Task goal:
Please write out exactly the lines of the data below from the line holding "Hollywood Homeless Douglas" through the line holding "Vero Moda Women's", and leave out the rest.

Supplied data:
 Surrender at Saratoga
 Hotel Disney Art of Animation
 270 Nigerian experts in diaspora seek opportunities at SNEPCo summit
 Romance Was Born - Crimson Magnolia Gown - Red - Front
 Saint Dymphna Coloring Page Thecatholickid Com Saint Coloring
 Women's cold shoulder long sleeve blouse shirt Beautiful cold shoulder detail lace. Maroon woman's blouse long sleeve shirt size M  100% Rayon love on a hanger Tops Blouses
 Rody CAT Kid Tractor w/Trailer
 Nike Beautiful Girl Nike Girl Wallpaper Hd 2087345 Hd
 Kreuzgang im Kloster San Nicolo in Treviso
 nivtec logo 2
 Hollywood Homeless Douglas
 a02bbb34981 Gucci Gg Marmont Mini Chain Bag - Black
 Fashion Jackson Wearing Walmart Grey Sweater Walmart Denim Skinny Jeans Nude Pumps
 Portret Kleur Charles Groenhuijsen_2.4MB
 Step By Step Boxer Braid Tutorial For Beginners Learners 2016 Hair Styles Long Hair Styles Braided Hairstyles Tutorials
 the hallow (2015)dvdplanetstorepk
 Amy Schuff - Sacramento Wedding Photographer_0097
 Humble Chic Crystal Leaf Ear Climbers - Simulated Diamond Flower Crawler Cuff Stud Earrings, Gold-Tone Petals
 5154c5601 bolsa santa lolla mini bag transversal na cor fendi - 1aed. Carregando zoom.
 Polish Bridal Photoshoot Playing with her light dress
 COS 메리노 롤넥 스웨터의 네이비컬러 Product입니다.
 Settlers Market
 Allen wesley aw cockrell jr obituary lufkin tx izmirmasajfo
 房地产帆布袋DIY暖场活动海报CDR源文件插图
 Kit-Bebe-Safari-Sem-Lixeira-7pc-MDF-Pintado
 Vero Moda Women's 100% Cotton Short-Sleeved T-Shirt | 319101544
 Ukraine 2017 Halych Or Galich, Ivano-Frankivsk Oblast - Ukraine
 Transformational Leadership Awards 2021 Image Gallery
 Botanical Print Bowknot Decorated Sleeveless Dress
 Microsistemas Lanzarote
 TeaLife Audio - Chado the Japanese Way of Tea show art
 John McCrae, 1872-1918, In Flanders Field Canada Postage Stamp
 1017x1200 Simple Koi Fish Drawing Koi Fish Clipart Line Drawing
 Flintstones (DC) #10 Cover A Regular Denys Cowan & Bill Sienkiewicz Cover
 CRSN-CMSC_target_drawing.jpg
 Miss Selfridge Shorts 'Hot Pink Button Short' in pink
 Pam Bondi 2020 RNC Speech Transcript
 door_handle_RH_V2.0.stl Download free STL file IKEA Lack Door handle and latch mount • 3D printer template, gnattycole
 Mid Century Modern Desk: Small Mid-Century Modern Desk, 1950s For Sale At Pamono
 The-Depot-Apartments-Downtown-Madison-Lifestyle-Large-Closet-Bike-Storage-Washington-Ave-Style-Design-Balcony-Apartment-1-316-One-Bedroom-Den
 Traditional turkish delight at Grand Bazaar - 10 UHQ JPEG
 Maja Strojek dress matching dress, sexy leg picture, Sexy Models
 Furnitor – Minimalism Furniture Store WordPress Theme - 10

Output of the task:
 Hollywood Homeless Douglas
 a02bbb34981 Gucci Gg Marmont Mini Chain Bag - Black
 Fashion Jackson Wearing Walmart Grey Sweater Walmart Denim Skinny Jeans Nude Pumps
 Portret Kleur Charles Groenhuijsen_2.4MB
 Step By Step Boxer Braid Tutorial For Beginners Learners 2016 Hair Styles Long Hair Styles Braided Hairstyles Tutorials
 the hallow (2015)dvdplanetstorepk
 Amy Schuff - Sacramento Wedding Photographer_0097
 Humble Chic Crystal Leaf Ear Climbers - Simulated Diamond Flower Crawler Cuff Stud Earrings, Gold-Tone Petals
 5154c5601 bolsa santa lolla mini bag transversal na cor fendi - 1aed. Carregando zoom.
 Polish Bridal Photoshoot Playing with her light dress
 COS 메리노 롤넥 스웨터의 네이비컬러 Product입니다.
 Settlers Market
 Allen wesley aw cockrell jr obituary lufkin tx izmirmasajfo
 房地产帆布袋DIY暖场活动海报CDR源文件插图
 Kit-Bebe-Safari-Sem-Lixeira-7pc-MDF-Pintado
 Vero Moda Women's 100% Cotton Short-Sleeved T-Shirt | 319101544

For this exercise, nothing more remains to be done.